Their Fil-Can brunch takes Canadian brunch classics and adds a filipino twist. I had some of my best guys, Shingo, Squiggy and Kee, join me on a sunny Saturday. We managed to snag the front table, perfect for people watching while some of us enjoyed a Lamesa shandy.
Lamesa makes its shandies with calamansi: tiny filipino limes that we often use in a lot of our cooking.
We were all very hungry and luckily none of Lamesa’s dishes were of the light variety. Squiggy decided that he would choose the delicious sounding Pork and Pancakes. And it looked very, very tasty:
Coconut Pancakes are topped with a generous portion of root beer braised pork. Here they use a filipino root beer called Sarsi – I love this stuff! And what are pancakes without a dollop of butter? Lamesa uses coconut butter to finish off this dish. Yum!
Kee went with the Halo Halo Sisig and Garlic Fried Rice:
Halo Halo – literally ‘mix mix’ in tagalog – is exactly what you do with this dish. You can mix your skillet of pork, beef, chicken, chili, garlic, onions and fried egg with freshly made garlic fried rice
Next we have Shingo’s choice. The eggs Josephine. They take the traditional eggs benedict with homemade biscuit and hollandaise and add crispy pork and bagoong – a shrimp and fish paste condiment. It’s a unique flavour that adds that bit of salt and seafood to any dish.

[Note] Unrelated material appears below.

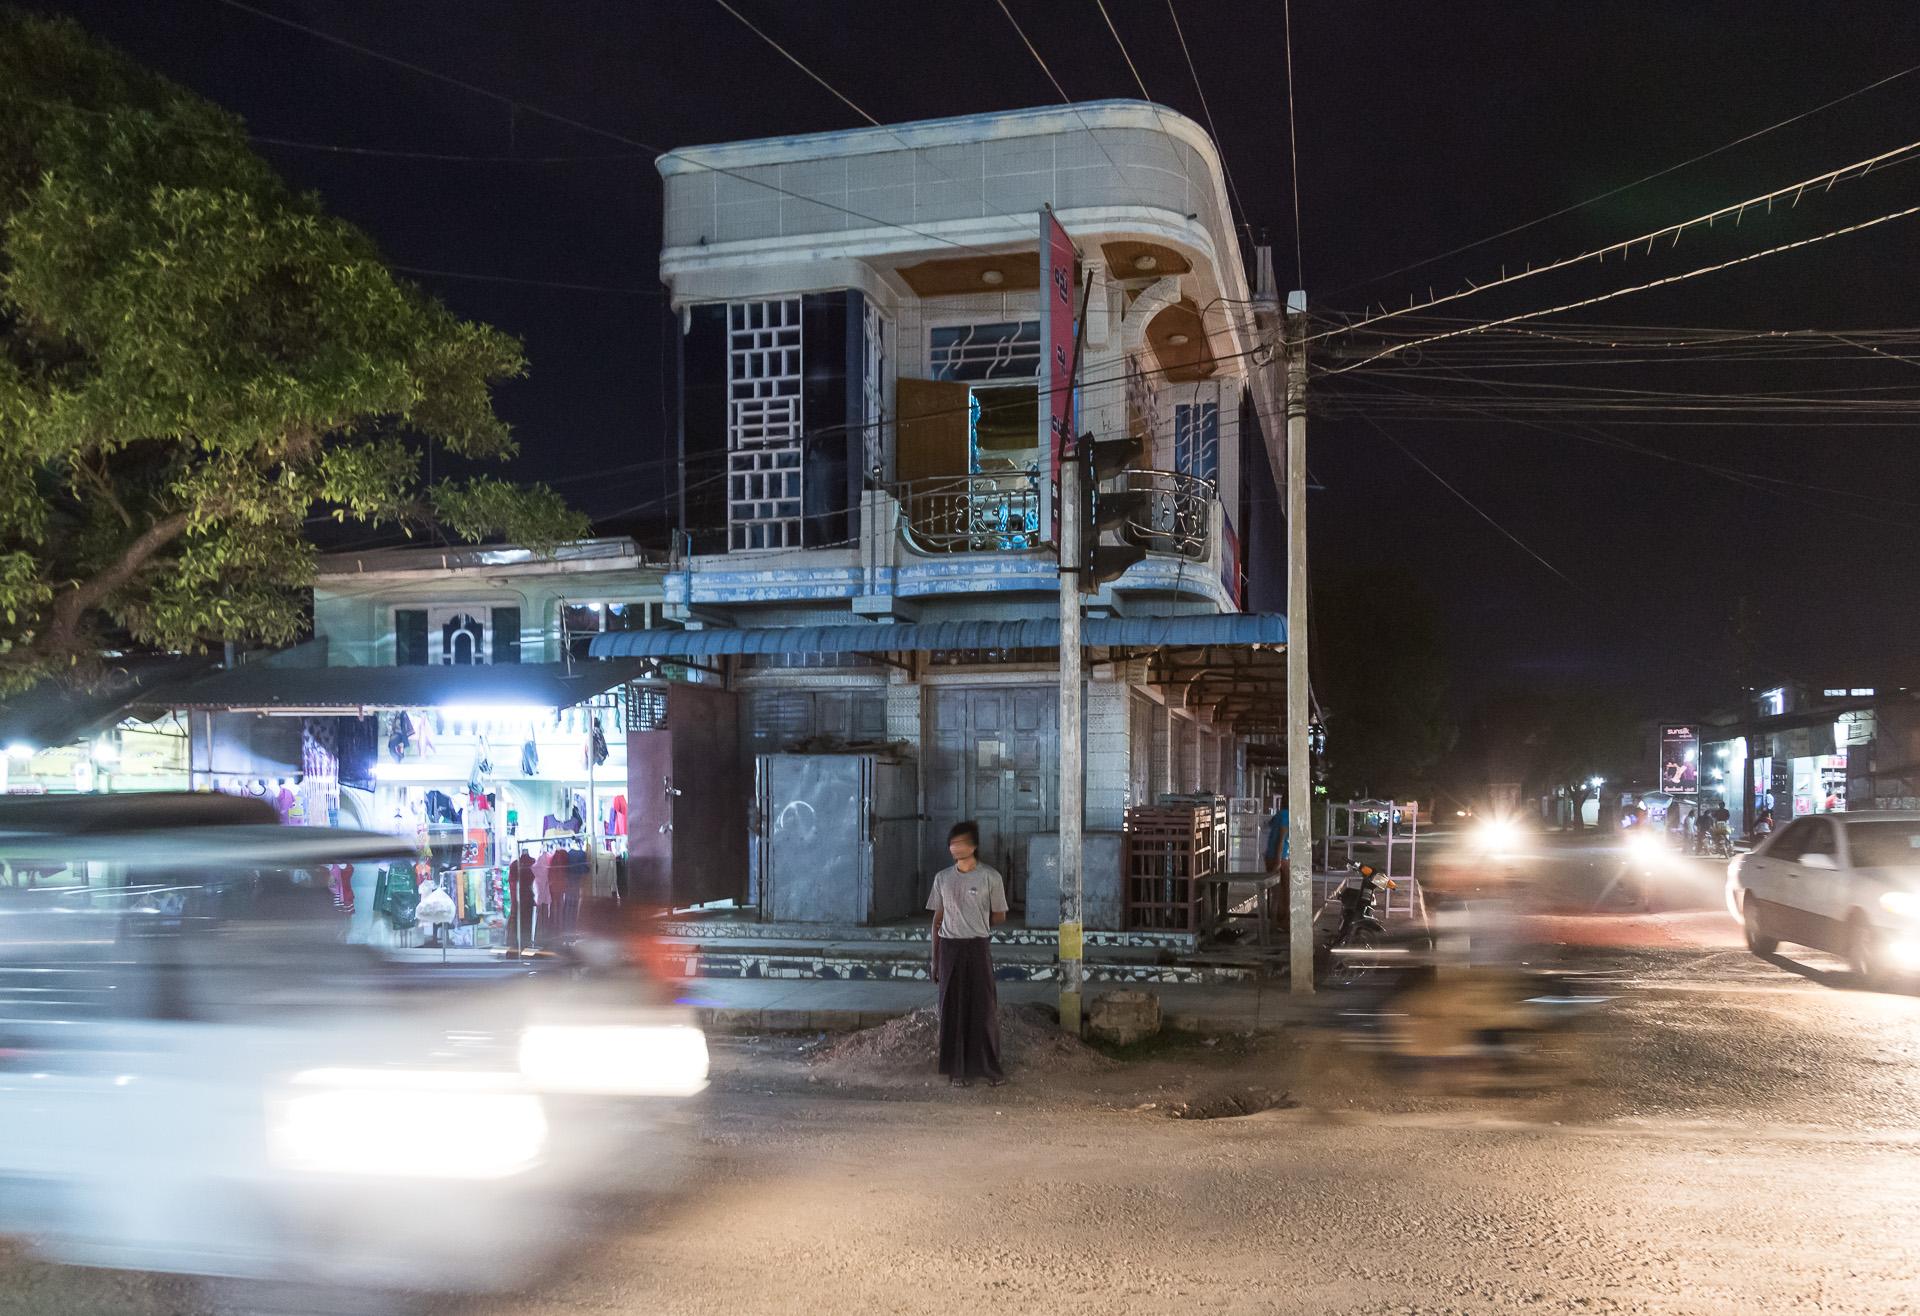 myanmar-reportage-wisckow-032.jpg

Finally I decided that the Bansilog fish cakes and eggs (also pictured above) were calling my name. I didn’t realize until this moment how we filipinos are suckers for contractions:
Bangus (milk fish) – Sinangag (garlic fried rice) – Itlog (egg) = Bansilog!
And the result was a garlic fried rice and milk fish cake topped with a perfectly poached egg. Come. To. Mama.
Lastly we couldn’t leave with out something sweet to balance out our savoury. And I loved their version of a stuffed crepe:
This validated my strong opinion that brunch should always have a dessert course! Jack fruit and coconut mascarpone fill a crepe that is blanketed with coconut whip cream, tapioca pearls and crushed fruit loops. Wow.
Thank you Lamesa for showing us a real fusion of Filipino and Canadian food! I loved that I was able to introduce some of my friends to essential filipino food elements, reimagined. While eating at Lamesa isn’t like eating a home cooked filipino meal, I love that they have taken filipino cuisine and elevated it to another level.